Option C: AWS ECS on Fargate (Managed container runtime)

Shape

  • Core services on ECS Fargate
  • Connector jobs as on-demand/scheduled Fargate tasks
  • DB likely moved to managed offering for better reliability

Pros

  • No node management
  • Clean scaling model per task
  • Good fit for bursty connectors

Cons

  • Can cost more than EC2 at steady state
  • Per-task compute pricing needs tight right-sizing

Fit

  • Good for production where team bandwidth for infra ops is limited

Option D: AWS EKS (Strategic only if Kubernetes-native operating model is required)

Shape

  • Full Kubernetes platform for core services and workers
  • GitOps (Argo CD/Flux) + HPA/KEDA + service mesh (optional)

Pros

  • Maximum flexibility and ecosystem
  • Standardized platform if broader org already runs Kubernetes

Cons

  • Highest platform complexity
  • EKS cluster fee applies regardless of workload size

Fit

  • Use only when there is a clear multi-team/platform reason

Option E: Event-Driven Connectors/Triggers with Lambda (Selective)

Shape

  • Keep core API/query services containerized
  • Move selected connector ingestion and trigger evaluation jobs to Lambda + EventBridge

Pros

  • Excellent for bursty workloads
  • Fine-grained cost for sporadic jobs

Cons

  • Distributed debugging complexity
  • Cold start/runtime constraints for heavy workloads

Fit

  • Good complement later, not a full replacement of core graph platform

Phase 0 (MVP, now): Hetzner + Docker Compose

Target timeline: 1-3 weeks

Baseline architecture

  • VM-1: api, query, trigger, evidence, ui, connector workers
  • VM-2: mongodb + nightly encrypted backup + restore test
  • Optional VM-3: observability stack if needed

Critical controls for MVP

  • Immutable image tags per deploy
  • Backup + restore drill (weekly)
  • Basic SLO dashboard (API error rate, connector failure rate, sync latency)
  • Structured JSON logs with correlation IDs (tenant_id, sync_id, entity_id, finding_id)

Why this is acceptable

  • Fastest path to pilot while preserving deterministic debugging via SSH + Docker logs

Phase 1 (Pilot to early production): AWS ECS on EC2

Target timeline: after first pilots, before broader customer rollout

Move plan

  • Migrate app services from Compose to ECS task definitions
  • Keep connectors as separate services/tasks
  • Use CloudWatch for centralized logs/metrics
  • Enable ECS Exec for break-glass diagnostics

Reasoning

  • Materially better security and operability than raw VMs without full Kubernetes burden

Phase 2 (Production scale): ECS Fargate or EKS by clear trigger

Choose ECS Fargate when

  • Team wants managed runtime and predictable operational model
  • Workloads are moderate and scaling is service/task oriented

Choose EKS when

  • Organization already has Kubernetes platform team
  • Need advanced Kubernetes-native controls that ECS cannot reasonably satisfy

Phase 3 (Optimization): Selective Lambda for burst jobs

Use Lambda/EventBridge for:

  • scheduled lightweight connectors
  • enrichment jobs
  • periodic housekeeping/reconciliation

Keep long-running graph/API workloads containerized.

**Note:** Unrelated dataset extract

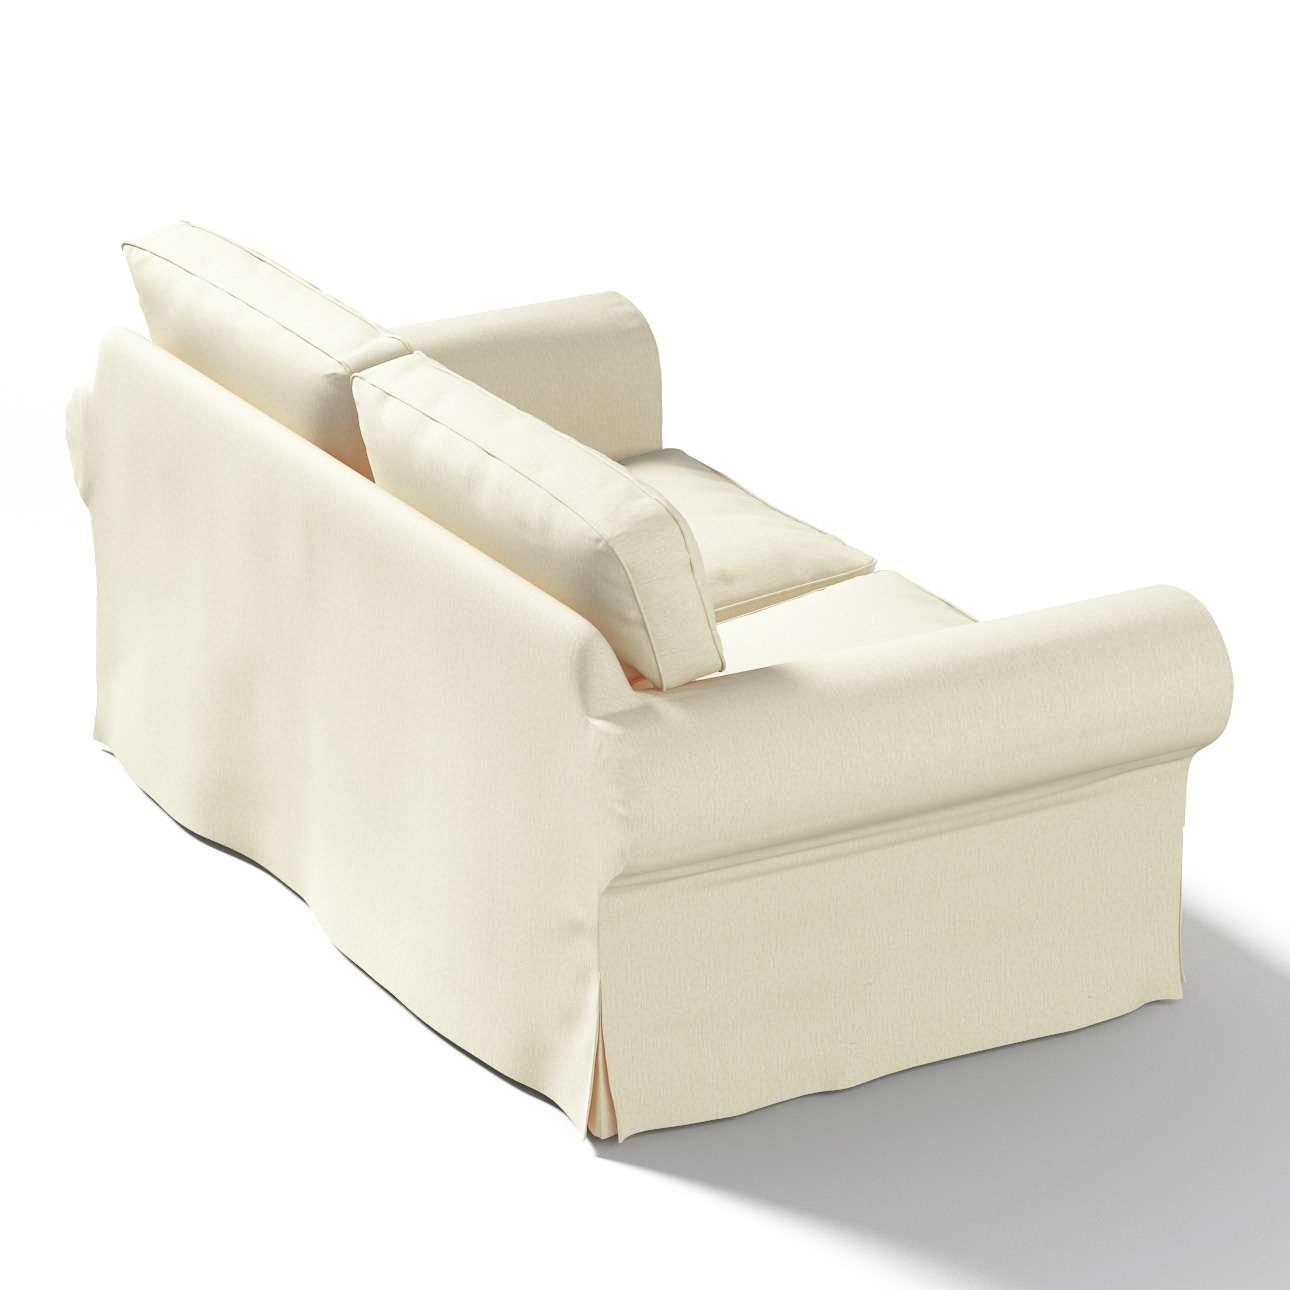 Pokrowiec na sofę Ektorp 2-osobową, rozkładaną STARY MODEL Sofa Ektorp 2-osobowa rozkładana w kolekcji Chenille, tkanina: 702-22

4. Observability and Logging Strategy

MVP observability (low cost, high control)

Option MVP-Obs-A: Self-hosted LGTM stack

  • Loki + Promtail for logs
  • Prometheus + Alertmanager for metrics
  • Grafana for dashboards
  • Optional Tempo for traces

Pros:

  • Minimal vendor cost
  • Full control
  • Easy CLI access (docker logs, logcli, promtool)

Cons:

  • You operate it
  • Retention and scaling need discipline

Option MVP-Obs-B: Managed SaaS light footprint

  • Grafana Cloud or Better Stack for logs/metrics/traces
  • Keep app on Hetzner

Pros:

  • Lower operational overhead
  • Fast setup and team-friendly UI

Cons:

  • Ongoing ingest/retention costs
  • Vendor dependency

Production observability

Option Prod-Obs-A: AWS-native

  • CloudWatch Logs + CloudWatch metrics + alarms
  • Optional Amazon Managed Grafana and AMP

Pros:

  • IAM-native access control
  • Deep ECS/EKS integration
  • ECS Exec and CloudWatch CLI improve remote diagnostics

Cons:

  • Cost can rise quickly with log volume and query scanning

Option Prod-Obs-B: Hybrid

  • Keep CloudWatch for platform logs
  • Route application logs/metrics to Grafana Cloud or Better Stack

Pros:

  • Better query UX/correlation in some cases
  • Can reduce operational toil

Cons:

  • Dual tooling and data egress considerations

5. MVP Cost Comparison And Ready-to-Go Estimate

All numbers below are high-level estimates using public list pricing and simple assumptions.

5.1 Assumptions Used

  • Region assumptions:
  • Hetzner EU pricing from public cloud page.
  • AWS us-east-1 style list pricing anchors.
  • Workload assumptions:
  • Core services run 24x7.
  • 1 pilot tenant, low traffic.
  • 30 GB/month log ingestion.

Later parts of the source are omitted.